Work order
Reproduce the records starting at the line that contains "戴 头盔 老鹰 动物世界 飞禽 鸟禽 鸟类 雄鹰 摄影图 空中飞鸟 生物世界" and running to the last line, exactly and in full.

Dataset entries

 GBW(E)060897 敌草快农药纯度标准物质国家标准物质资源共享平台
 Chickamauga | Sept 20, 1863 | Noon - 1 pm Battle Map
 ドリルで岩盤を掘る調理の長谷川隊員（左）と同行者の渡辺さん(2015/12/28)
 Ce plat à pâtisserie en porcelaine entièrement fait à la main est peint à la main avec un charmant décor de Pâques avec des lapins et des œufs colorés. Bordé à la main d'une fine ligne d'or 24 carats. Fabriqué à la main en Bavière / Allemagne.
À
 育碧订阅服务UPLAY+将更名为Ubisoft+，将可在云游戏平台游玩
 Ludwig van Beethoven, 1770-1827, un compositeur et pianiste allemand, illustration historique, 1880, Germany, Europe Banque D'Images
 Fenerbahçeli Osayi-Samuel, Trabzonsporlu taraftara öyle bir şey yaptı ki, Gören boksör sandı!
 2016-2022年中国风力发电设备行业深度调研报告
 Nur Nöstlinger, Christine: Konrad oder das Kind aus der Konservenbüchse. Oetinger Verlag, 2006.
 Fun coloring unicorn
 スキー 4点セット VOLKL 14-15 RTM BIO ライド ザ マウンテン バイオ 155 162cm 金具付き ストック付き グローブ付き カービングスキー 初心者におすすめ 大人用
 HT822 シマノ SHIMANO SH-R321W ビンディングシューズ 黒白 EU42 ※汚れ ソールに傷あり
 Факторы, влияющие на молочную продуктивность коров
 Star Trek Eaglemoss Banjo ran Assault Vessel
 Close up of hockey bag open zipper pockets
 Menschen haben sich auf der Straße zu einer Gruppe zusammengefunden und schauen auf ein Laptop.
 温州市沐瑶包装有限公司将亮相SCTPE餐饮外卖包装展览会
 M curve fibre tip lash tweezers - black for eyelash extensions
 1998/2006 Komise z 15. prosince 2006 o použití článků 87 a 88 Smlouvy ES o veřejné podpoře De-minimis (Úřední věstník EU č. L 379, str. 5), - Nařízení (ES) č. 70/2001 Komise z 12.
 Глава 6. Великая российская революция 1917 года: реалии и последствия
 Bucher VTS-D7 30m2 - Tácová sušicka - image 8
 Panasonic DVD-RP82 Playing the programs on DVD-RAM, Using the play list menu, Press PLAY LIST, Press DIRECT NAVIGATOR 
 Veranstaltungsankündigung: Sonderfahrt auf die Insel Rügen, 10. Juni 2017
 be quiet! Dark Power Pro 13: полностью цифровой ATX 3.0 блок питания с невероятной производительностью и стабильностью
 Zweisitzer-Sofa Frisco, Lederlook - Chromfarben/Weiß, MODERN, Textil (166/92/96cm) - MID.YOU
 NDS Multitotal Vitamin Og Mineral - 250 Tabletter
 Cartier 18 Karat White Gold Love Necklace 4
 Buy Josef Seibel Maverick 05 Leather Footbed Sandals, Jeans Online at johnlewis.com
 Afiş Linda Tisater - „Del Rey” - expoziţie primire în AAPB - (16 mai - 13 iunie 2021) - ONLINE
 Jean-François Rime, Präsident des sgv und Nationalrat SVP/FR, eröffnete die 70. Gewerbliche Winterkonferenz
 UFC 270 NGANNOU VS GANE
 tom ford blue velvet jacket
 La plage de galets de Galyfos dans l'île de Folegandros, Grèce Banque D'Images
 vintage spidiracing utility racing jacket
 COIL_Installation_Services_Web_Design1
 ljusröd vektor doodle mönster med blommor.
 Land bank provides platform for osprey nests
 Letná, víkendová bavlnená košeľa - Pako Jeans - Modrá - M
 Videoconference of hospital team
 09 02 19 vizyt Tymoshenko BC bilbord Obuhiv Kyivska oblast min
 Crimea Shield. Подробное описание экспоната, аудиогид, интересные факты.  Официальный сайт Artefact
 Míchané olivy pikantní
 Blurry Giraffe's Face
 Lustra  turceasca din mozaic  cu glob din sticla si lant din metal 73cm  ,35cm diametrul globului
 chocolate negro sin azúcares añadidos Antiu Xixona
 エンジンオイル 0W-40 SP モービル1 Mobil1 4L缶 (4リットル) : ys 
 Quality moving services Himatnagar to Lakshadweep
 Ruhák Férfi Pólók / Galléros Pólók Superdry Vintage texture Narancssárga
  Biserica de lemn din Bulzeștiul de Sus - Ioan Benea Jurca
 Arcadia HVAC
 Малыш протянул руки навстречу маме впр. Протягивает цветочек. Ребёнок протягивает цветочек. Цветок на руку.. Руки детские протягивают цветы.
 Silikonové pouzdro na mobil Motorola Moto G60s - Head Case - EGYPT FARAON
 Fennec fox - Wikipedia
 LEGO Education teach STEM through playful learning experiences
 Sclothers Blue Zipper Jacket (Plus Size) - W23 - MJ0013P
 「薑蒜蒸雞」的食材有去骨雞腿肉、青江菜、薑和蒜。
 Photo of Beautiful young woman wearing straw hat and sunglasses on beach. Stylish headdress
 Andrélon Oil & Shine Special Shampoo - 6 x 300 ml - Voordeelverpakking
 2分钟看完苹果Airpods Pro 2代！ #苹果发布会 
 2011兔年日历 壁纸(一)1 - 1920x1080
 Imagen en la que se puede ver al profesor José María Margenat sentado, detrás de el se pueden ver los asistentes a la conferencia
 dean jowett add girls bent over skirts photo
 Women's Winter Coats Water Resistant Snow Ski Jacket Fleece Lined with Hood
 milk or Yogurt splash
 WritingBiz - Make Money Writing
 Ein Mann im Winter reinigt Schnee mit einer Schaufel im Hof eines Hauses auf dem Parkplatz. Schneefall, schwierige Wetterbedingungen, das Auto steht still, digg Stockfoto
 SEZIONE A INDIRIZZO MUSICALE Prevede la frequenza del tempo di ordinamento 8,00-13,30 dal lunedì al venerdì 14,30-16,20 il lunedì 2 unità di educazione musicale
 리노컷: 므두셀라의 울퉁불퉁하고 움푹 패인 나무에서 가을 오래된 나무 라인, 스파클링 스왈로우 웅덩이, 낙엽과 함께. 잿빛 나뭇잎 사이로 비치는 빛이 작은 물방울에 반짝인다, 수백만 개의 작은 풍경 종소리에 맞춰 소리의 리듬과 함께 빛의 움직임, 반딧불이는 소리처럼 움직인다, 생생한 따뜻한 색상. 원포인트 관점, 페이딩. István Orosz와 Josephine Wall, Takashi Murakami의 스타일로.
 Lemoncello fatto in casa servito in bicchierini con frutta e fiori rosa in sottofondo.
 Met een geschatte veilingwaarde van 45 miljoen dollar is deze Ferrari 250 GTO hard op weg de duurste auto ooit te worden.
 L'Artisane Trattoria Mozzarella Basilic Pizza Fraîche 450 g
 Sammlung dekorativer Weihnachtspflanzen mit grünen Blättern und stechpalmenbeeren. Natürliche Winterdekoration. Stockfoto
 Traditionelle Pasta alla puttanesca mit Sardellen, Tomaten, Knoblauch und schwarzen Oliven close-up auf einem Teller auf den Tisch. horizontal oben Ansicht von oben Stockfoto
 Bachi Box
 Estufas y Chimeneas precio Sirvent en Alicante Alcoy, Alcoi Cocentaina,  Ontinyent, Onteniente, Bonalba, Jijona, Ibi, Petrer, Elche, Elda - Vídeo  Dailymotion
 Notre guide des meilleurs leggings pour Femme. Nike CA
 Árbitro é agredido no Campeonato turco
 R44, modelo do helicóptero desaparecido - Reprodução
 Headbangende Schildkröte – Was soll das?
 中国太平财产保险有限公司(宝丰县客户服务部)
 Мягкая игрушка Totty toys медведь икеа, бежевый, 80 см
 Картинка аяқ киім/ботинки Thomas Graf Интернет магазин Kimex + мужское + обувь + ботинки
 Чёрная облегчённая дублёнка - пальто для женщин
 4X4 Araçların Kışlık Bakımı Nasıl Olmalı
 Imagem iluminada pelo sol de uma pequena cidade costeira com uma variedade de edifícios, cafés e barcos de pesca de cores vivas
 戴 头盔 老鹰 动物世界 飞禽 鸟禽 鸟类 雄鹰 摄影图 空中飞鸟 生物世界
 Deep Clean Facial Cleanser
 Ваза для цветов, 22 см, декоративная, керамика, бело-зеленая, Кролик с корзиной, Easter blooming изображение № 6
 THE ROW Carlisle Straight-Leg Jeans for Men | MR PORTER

Your solution
 戴 头盔 老鹰 动物世界 飞禽 鸟禽 鸟类 雄鹰 摄影图 空中飞鸟 生物世界
 Deep Clean Facial Cleanser
 Ваза для цветов, 22 см, декоративная, керамика, бело-зеленая, Кролик с корзиной, Easter blooming изображение № 6
 THE ROW Carlisle Straight-Leg Jeans for Men | MR PORTER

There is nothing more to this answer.